Once all parts are computed, merge them into a single GRM file:

fastgxe --process-grm --merge --grm test.agrm --npart 100

Sample Clustering Based on Relatedness #

To group samples such that any pair with an estimated relatedness greater than 0.05 belongs to the same subgroup:

fastgxe --process-grm --group --grm test.agrm --cut-value 0.05 --out test.agrm

3. Genome-Wide GxE Analysis #

Using the previously generated sparse GRM, along with a PLINK binary file and a data file, perform a GxE analysis as follows:

fastgxe --test-gxe --grm test --bfile bed_file --data data_file --trait trait \
--env-int Age:Confide --covar PCA1:PCA5 Sex --out test_gxe

The column trait represents the trait values.
Columns from Age to Confide are considered interacting environmental factors.
Columns PCA1 to PCA5 and Sex are treated as confounding covariates.

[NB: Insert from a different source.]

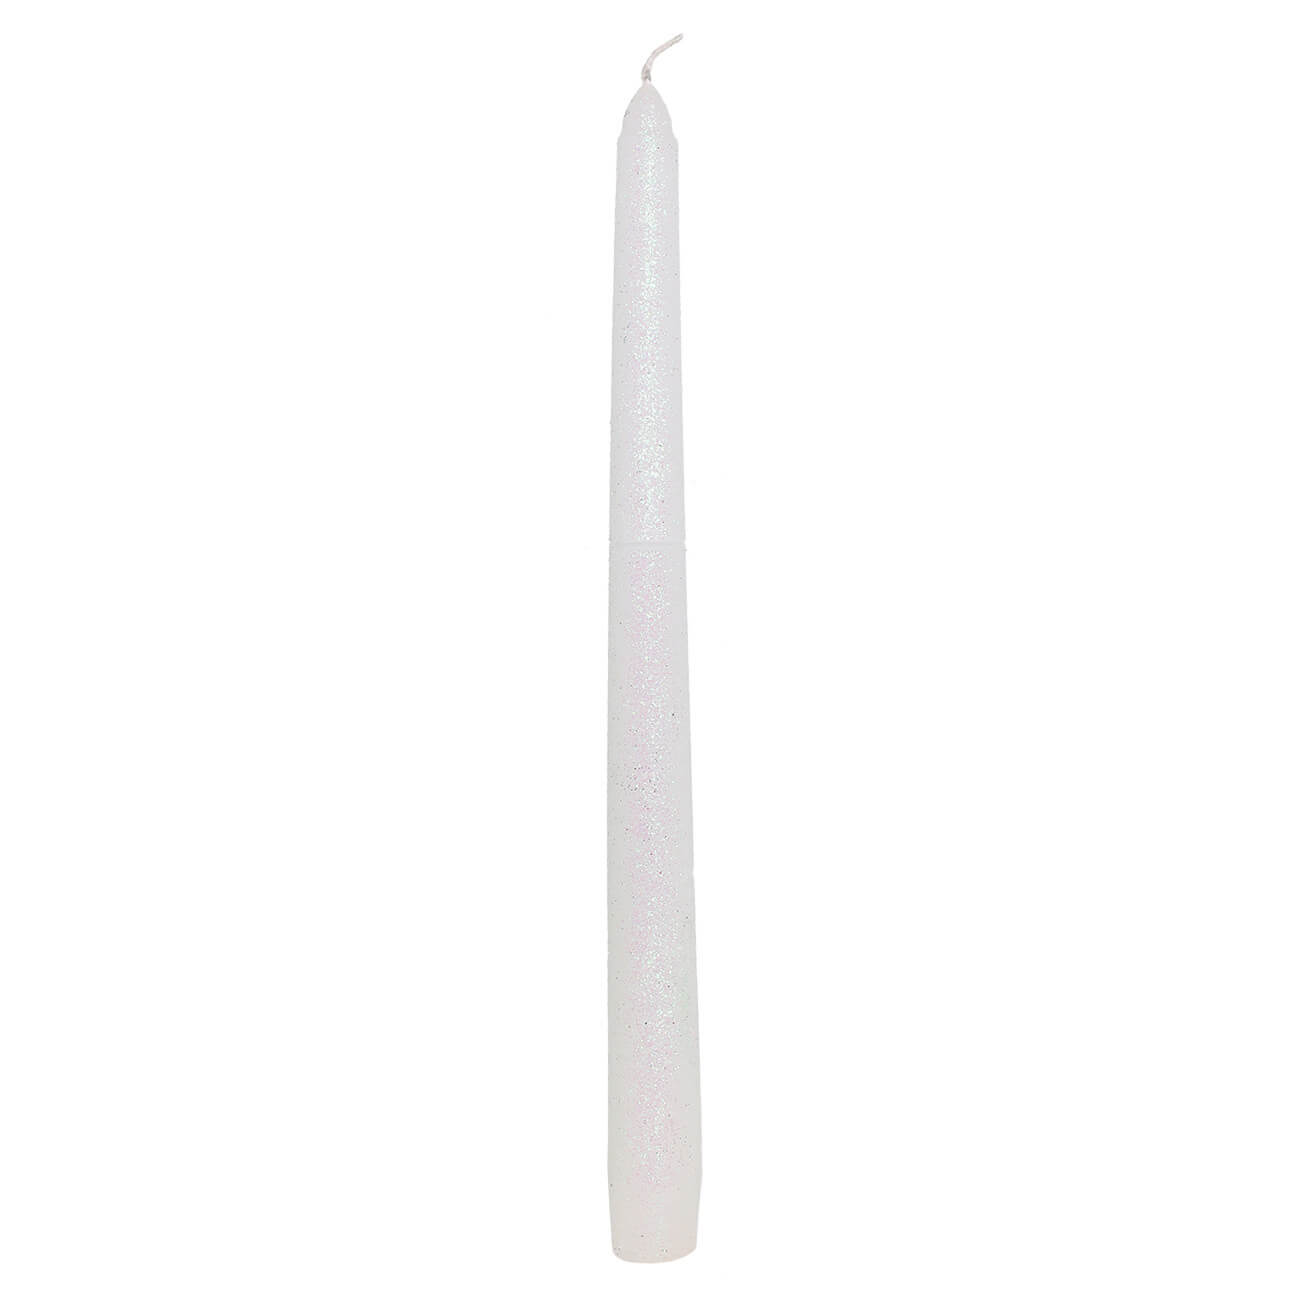 Свеча, 25 см, тонкая, белая, Metallic glow свеча 14 см цилиндрическая с блестками серебристая metallic glow

Parallel Computation for Large Datasets #

For large datasets, partition the SNPs into 10 parts and compute them in parallel. The results can then be merged using a custom Python or R script.

fastgxe --test-gxe --split-task 10 1 --grm test --bfile bed_file --data data_file --trait trait \
--env-int Age:Confide --covar PCA1:PCA5 Sex --out test_gxe 

fastgxe --test-gxe --split-task 10 2 --grm test --bfile bed_file --data data_file --trait trait \
--env-int Age:Confide --covar PCA1:PCA5 Sex --out test_gxe 

...

fastgxe --test-gxe --split-task 10 10 --grm test --bfile bed_file --data data_file --trait trait \
--env-int Age:Confide --covar PCA1:PCA5 Sex --out test_gxe 

Once all tasks are completed, the results can be merged using a custom Python or R script.

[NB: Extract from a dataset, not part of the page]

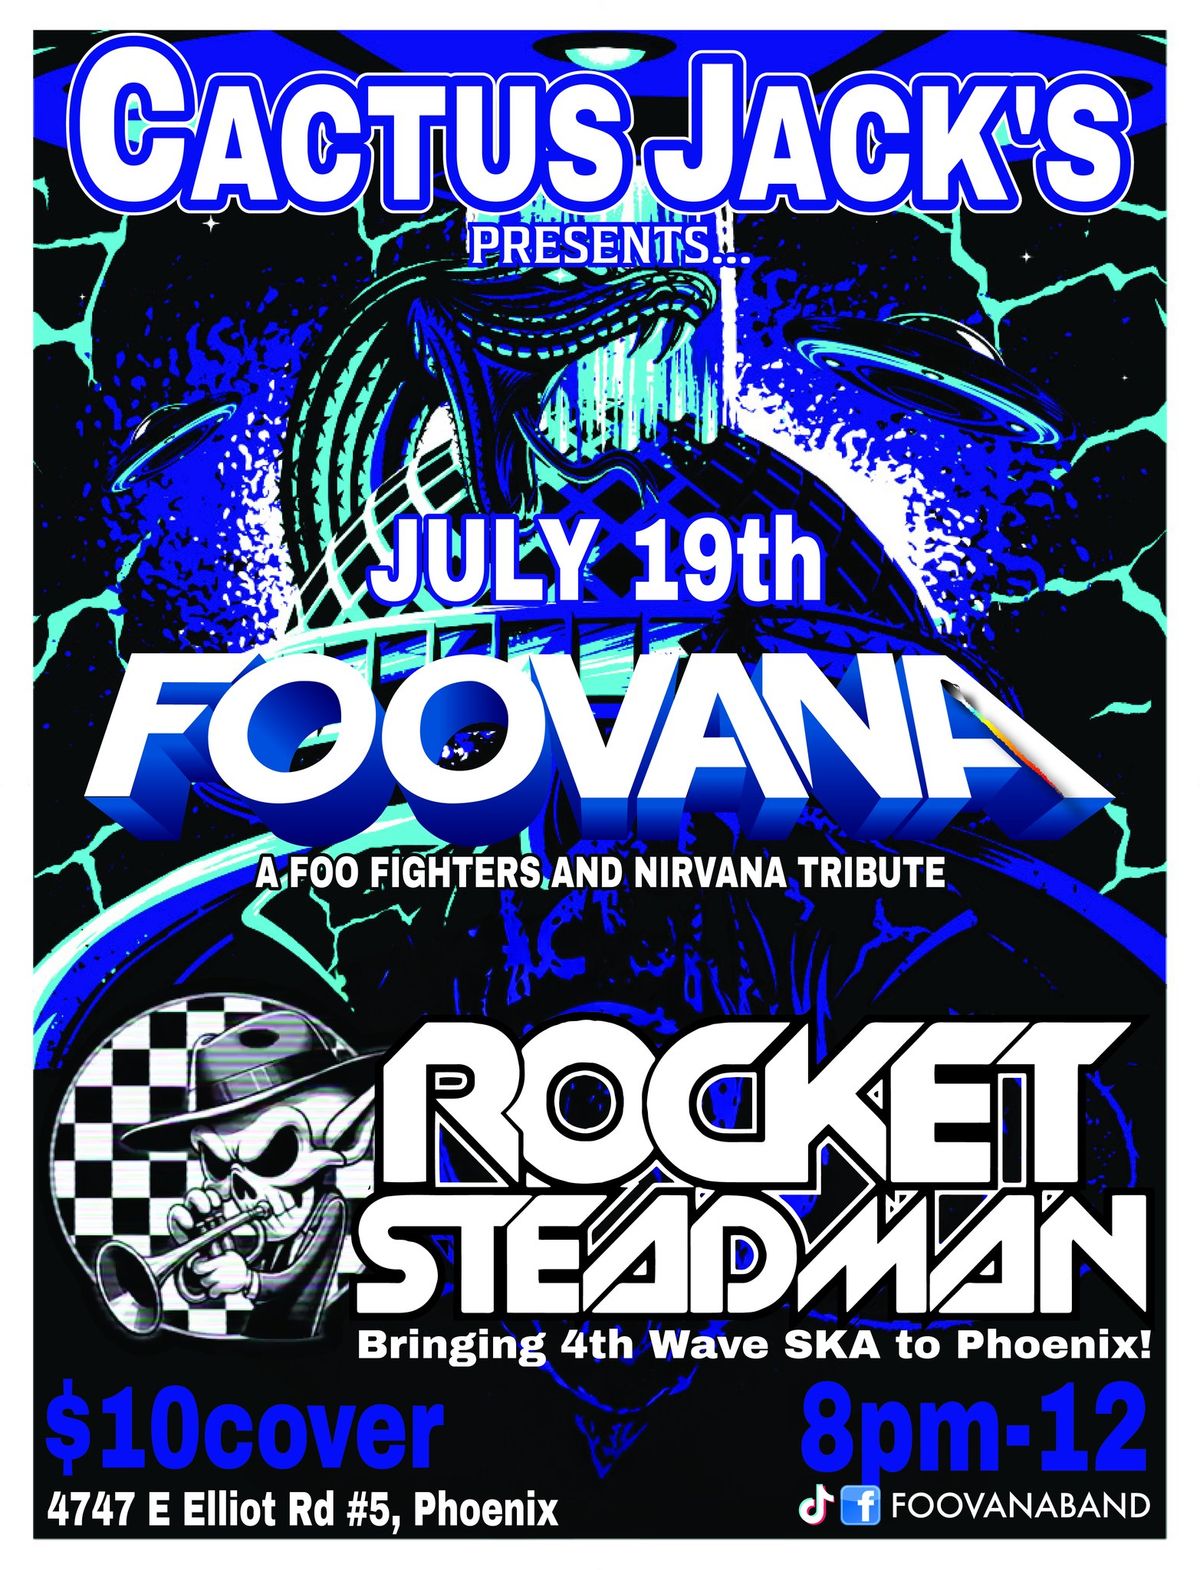 FooVana and Rocket Steadman @ Cactus Jack's

4. GxE Heritability Estimation Using the Method of Moments #

To obtain an unbiased estimate of GxE heritability, use the method of moments:

fastgxe --mom --bfile bed_file --data data_file --trait trait \
--env-int Age:Confide --covar PCA1:PCA5 Sex --out test_mom

The column trait represents the trait values.
Columns from Age to Confide are considered interacting environmental factors.
Columns PCA1 to PCA5 and Sex are treated as confounding covariates.

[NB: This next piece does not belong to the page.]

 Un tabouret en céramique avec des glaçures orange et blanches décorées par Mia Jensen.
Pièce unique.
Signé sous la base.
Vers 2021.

This approach ensures an unbiased estimation of GxE heritability using the method of moments.

5. Identifying Environmental Factors Driving GxE #

Once GxE genomic loci are identified, the environmental factors driving the GxE effect of the lead SNP can be determined using mmSuSiE.

fastgxe --mmsusie --bfile bed_file --snp-focus snp_name --data data_file --trait trait \
--env-int Age:Confide --covar PCA1:PCA5 Sex --out test_mmsusie

snp_name refers to the lead SNP identified in the GxE analysis.
The column trait represents the trait values.
Columns from Age to Confide are treated as interacting environmental factors.
Columns PCA1 to PCA5 and Sex are considered confounding covariates.

This approach helps pinpoint the environmental factors driving the GxE effect of the lead SNP.